In the back-breaking path to national citizenship, gendered socioeconomic discrimination frequently intertwines with racial discrimination. As stated by the Convention on the Elimination of All Forms of Discrimination Against Women in their 2008 Resolution on migrant women workers, ‘women migrant workers often experience intersecting forms of discrimination, suffering not only gender-based discrimination, but also xenophobia and racism.’ Recent research has shown how the employment chances of females with backgrounds of migration from Muslim countries, and especially of those wearing headscarves, are considerably lower than those of native German citizens. Migrant and ethnic minority women are often construed as ‘traditional’ and ‘subservient,’ which tends to build upon gendered notions of appropriate work for these women being in the domestic sphere.
The impact of anti-immigration politics has built on existing racial discrimination and has had gendered effects in both men and women.
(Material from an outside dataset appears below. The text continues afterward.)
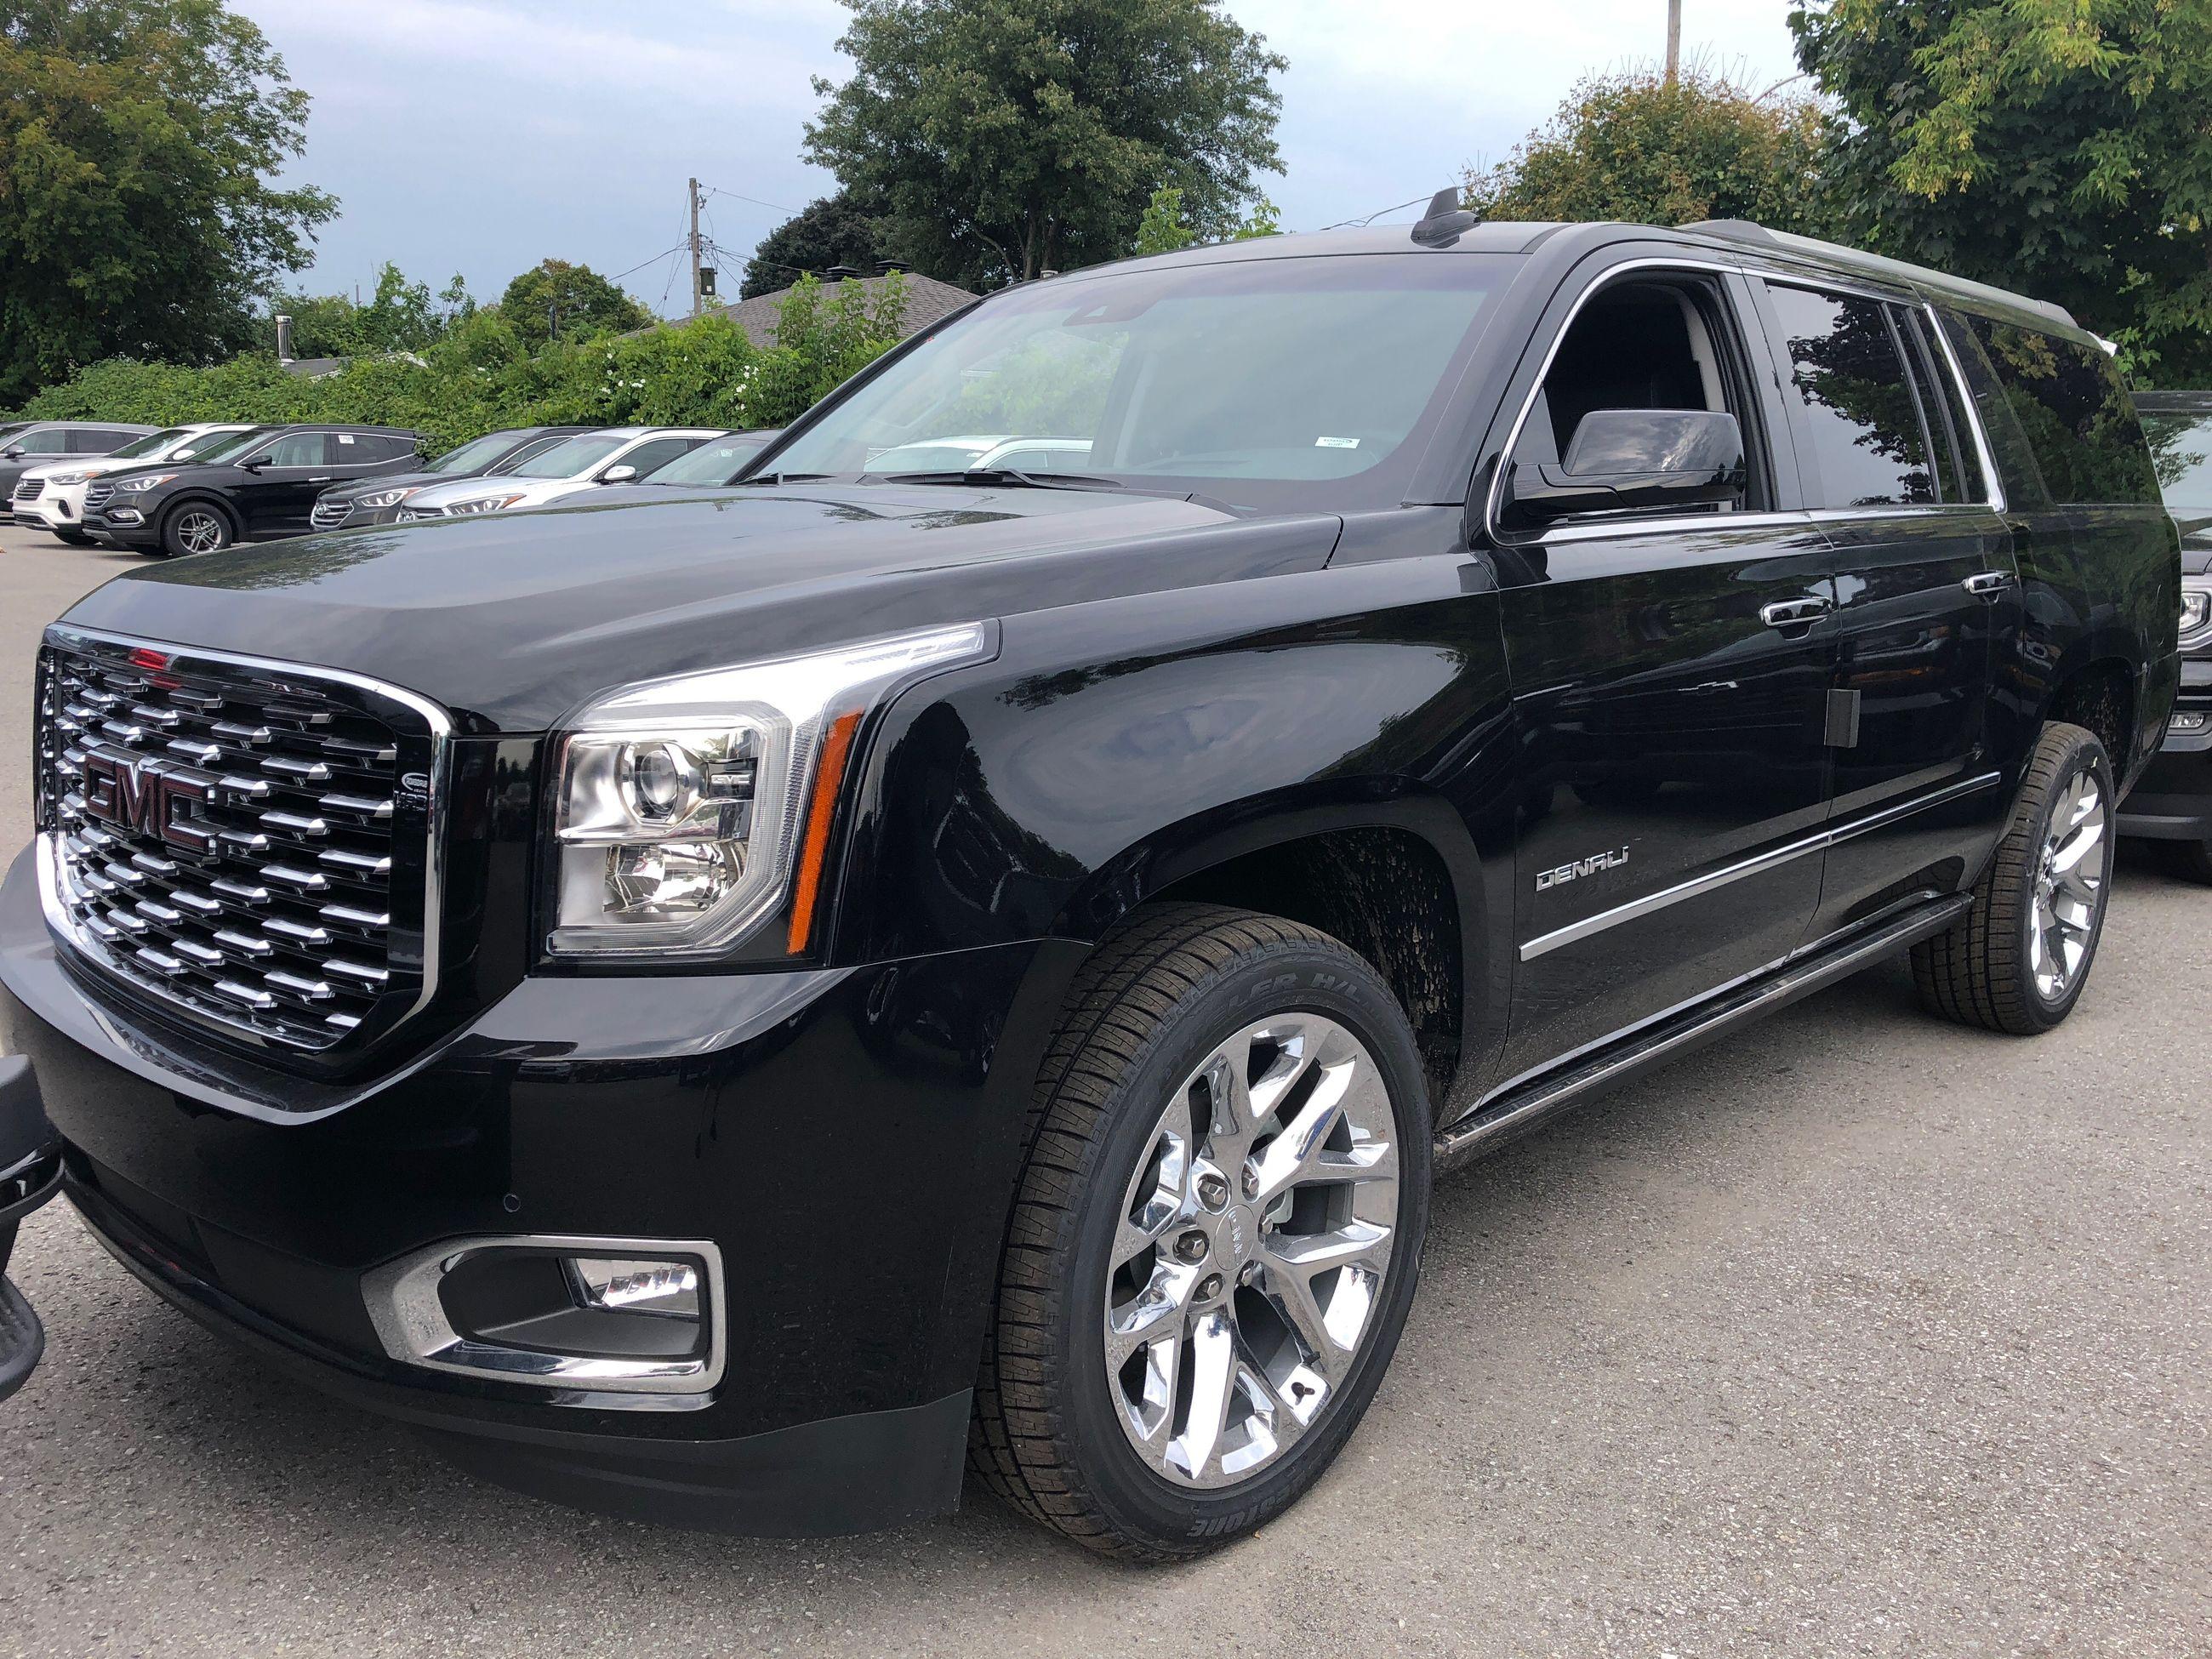 New 2019 GMC Yukon XL DENALI for Sale - $93739.0 ...

Male asylum-seekers have been constructed as hypersexualized predators after the events of Cologne, and far right parties such as The Danish Party have gone as far as handing out an ‘anti-migrant’ spray to protect Danish citizens from the ‘danger’ of male asylum-seekers. Similarly, the Hungarian government has framed male asylum-seekers as ‘women harassers’ in the build up to their recent national referendum on whether to accept the EU quota for asylum-seekers. The trope of the sexual savagery of the racialized non-citizen is one deeply embedded in European culture, and that can be traced back to the colonial era.
Hungarian billboard stating: “The number of harassment against women has been dynamically growing in Europe since the immigrant crisis”
Anti-immigration politics has also constructed (especially female) migrants’ citizenship in terms of them using up welfare provisions, but migrants are not only passive recipients of services but active providers of public services, many of which have been recently cut. They not only contribute economically by paying taxes and doing unpaid labour in the home, but also politically and culturally, thus shaping citizenship as much as being shaped by it. Assimilation is inevitably a two-way street, but current anti-immigration policies are only making that street too steep and unequal.
To overcome current anti-immigration, assimilationist approaches around Europe and especially in the UK, it is necessary to put migrant men and women’s life-stories into the debate on citizenship, giving them the agency they deserve and debunking gender and racial based myths. Only when their voices are heard will migrant men and women be able to assert the ways in which they are already becoming citizen, by enshrining them in law.
Creating citizens is not a neutral but a highly gendered phenomenon. The egalitarian and anti-hierarchical potential of citizenship is often trumped by gendered assumptions that tend to intersect with racial and class assumptions as well. Male asylum-seekers are constructed as sexual predators, while female migrants are generally seen as passive recipients of social benefits or victims of oppressive and traditional cultures. In the current anti-immigration, assimilationist agenda, citizenship is build in opposition to highly-gendered images of the non-citizen resident, who in turn reshapes the very idea of citizenship in his/her daily practices. Equality and difference are presented as incompatible, when in fact they are not. Making citizens in Europe in the 21st century requires challenging ideas of belonging and loyalty, and the starting point should look at both our gendered discourses in the media and government, their material consequences, and migrants’ life-stories.